= What is required =
Start with the first line of the data and end with the line that holds "Re:[原创]CKG拍机,数码机最后的倔强 BOEING 787-9"; write out each one exactly.

Saved entries:
************
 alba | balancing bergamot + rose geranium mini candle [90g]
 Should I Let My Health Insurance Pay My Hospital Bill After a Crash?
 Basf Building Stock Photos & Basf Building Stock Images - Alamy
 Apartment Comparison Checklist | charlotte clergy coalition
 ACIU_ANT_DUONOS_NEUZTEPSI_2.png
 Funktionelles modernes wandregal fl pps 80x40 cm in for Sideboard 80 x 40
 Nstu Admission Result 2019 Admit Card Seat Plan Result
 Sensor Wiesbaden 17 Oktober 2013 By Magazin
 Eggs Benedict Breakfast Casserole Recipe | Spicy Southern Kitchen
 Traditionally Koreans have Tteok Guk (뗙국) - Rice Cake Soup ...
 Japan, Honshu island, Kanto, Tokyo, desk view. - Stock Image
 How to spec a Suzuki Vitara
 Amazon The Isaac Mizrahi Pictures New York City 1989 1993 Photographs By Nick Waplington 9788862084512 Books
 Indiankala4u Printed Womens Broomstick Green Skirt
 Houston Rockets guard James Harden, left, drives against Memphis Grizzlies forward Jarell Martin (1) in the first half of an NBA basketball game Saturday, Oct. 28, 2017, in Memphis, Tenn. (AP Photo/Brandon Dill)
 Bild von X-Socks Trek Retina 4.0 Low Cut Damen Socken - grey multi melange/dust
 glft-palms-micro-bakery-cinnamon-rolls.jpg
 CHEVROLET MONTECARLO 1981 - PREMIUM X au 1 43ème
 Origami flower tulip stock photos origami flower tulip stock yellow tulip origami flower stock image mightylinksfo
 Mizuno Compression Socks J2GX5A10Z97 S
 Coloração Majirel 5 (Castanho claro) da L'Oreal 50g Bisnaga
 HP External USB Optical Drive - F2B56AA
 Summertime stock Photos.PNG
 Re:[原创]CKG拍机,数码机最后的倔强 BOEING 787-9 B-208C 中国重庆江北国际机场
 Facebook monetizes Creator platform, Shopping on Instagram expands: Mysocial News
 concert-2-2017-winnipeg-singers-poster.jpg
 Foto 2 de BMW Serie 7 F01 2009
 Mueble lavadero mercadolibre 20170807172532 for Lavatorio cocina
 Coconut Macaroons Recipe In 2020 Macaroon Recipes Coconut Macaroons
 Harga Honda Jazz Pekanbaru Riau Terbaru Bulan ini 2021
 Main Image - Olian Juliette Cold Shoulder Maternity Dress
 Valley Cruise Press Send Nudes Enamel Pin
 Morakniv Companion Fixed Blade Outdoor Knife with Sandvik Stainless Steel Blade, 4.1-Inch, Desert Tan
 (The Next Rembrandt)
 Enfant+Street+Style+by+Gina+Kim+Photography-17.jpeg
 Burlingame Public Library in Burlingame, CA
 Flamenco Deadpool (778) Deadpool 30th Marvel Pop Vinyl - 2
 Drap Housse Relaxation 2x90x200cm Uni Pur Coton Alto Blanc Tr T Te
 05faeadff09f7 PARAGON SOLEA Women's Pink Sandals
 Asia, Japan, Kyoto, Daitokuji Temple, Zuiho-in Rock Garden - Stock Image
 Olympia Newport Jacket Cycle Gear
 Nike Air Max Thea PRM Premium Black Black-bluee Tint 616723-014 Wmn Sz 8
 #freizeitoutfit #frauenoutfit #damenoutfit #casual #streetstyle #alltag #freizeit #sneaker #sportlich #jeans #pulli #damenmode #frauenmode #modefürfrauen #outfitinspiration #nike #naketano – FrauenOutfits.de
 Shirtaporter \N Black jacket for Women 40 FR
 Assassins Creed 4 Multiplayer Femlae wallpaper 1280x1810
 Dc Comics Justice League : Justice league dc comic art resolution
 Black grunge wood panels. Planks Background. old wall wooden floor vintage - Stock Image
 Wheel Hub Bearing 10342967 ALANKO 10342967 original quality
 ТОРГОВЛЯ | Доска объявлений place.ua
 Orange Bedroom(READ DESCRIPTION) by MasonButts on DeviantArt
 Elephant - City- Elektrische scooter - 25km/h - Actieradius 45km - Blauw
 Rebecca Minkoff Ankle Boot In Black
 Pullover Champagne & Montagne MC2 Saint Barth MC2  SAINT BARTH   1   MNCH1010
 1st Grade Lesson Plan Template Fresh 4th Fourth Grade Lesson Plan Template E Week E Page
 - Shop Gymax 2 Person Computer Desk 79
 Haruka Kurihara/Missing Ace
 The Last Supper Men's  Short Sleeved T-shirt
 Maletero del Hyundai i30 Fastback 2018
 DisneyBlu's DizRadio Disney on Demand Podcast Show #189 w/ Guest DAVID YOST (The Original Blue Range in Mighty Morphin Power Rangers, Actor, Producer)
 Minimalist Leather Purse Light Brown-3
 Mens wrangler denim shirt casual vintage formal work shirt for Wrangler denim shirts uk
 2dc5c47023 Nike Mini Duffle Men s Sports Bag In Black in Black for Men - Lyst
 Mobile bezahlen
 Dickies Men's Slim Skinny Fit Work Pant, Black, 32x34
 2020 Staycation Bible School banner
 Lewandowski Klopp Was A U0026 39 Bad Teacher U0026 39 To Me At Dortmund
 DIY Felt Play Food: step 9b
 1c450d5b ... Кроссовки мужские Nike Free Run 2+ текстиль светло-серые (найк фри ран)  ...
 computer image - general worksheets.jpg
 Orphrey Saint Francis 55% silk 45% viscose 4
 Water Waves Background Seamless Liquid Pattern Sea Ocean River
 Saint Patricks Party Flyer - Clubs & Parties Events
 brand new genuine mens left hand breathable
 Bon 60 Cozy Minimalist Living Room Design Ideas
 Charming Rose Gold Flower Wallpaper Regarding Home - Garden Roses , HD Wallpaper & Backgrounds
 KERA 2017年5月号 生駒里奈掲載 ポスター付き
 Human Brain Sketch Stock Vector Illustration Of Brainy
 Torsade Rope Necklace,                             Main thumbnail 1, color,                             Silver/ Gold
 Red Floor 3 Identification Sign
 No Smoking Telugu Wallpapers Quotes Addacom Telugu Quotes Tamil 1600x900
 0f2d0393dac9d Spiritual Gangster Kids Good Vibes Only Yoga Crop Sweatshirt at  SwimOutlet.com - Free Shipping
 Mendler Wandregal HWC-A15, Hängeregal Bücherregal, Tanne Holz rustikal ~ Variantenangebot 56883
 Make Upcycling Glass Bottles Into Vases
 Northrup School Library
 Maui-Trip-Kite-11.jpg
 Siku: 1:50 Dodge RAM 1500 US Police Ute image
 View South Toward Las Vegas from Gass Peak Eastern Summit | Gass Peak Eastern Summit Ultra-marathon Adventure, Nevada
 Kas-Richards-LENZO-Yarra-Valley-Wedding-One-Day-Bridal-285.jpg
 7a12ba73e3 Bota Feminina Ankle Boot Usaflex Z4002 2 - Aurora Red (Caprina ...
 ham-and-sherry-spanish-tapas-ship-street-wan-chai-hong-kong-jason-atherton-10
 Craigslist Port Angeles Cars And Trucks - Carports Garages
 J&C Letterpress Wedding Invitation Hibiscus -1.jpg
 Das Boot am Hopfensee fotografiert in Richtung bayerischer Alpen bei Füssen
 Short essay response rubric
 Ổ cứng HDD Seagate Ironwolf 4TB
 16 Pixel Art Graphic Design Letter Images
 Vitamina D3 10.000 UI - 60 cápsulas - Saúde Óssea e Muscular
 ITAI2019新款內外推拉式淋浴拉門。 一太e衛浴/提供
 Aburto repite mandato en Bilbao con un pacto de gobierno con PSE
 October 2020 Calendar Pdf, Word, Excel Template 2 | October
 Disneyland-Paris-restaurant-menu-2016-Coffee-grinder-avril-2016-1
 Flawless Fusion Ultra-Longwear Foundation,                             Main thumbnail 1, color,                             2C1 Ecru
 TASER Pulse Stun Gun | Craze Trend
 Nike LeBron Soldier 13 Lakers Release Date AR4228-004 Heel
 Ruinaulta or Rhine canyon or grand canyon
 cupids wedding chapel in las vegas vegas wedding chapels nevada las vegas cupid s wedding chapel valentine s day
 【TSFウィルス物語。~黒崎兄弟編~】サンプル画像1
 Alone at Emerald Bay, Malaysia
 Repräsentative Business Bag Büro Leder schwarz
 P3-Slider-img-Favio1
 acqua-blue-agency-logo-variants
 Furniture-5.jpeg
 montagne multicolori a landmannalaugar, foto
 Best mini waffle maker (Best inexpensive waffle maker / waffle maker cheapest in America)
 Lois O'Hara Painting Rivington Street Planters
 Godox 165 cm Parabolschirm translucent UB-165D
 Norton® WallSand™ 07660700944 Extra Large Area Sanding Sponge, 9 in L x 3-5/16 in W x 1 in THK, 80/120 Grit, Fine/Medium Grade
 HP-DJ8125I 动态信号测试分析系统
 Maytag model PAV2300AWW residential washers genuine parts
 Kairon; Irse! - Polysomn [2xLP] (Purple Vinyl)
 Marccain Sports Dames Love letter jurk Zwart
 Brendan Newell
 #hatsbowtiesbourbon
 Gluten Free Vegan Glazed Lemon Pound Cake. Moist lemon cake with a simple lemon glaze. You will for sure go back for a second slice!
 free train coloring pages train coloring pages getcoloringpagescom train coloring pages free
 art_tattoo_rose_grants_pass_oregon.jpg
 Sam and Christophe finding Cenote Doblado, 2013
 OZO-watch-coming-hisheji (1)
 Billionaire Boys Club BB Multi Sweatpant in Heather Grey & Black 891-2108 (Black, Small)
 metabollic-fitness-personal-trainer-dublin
************
= Answer section =
 alba | balancing bergamot + rose geranium mini candle [90g]
 Should I Let My Health Insurance Pay My Hospital Bill After a Crash?
 Basf Building Stock Photos & Basf Building Stock Images - Alamy
 Apartment Comparison Checklist | charlotte clergy coalition
 ACIU_ANT_DUONOS_NEUZTEPSI_2.png
 Funktionelles modernes wandregal fl pps 80x40 cm in for Sideboard 80 x 40
 Nstu Admission Result 2019 Admit Card Seat Plan Result
 Sensor Wiesbaden 17 Oktober 2013 By Magazin
 Eggs Benedict Breakfast Casserole Recipe | Spicy Southern Kitchen
 Traditionally Koreans have Tteok Guk (뗙국) - Rice Cake Soup ...
 Japan, Honshu island, Kanto, Tokyo, desk view. - Stock Image
 How to spec a Suzuki Vitara
 Amazon The Isaac Mizrahi Pictures New York City 1989 1993 Photographs By Nick Waplington 9788862084512 Books
 Indiankala4u Printed Womens Broomstick Green Skirt
 Houston Rockets guard James Harden, left, drives against Memphis Grizzlies forward Jarell Martin (1) in the first half of an NBA basketball game Saturday, Oct. 28, 2017, in Memphis, Tenn. (AP Photo/Brandon Dill)
 Bild von X-Socks Trek Retina 4.0 Low Cut Damen Socken - grey multi melange/dust
 glft-palms-micro-bakery-cinnamon-rolls.jpg
 CHEVROLET MONTECARLO 1981 - PREMIUM X au 1 43ème
 Origami flower tulip stock photos origami flower tulip stock yellow tulip origami flower stock image mightylinksfo
 Mizuno Compression Socks J2GX5A10Z97 S
 Coloração Majirel 5 (Castanho claro) da L'Oreal 50g Bisnaga
 HP External USB Optical Drive - F2B56AA
 Summertime stock Photos.PNG
 Re:[原创]CKG拍机,数码机最后的倔强 BOEING 787-9 B-208C 中国重庆江北国际机场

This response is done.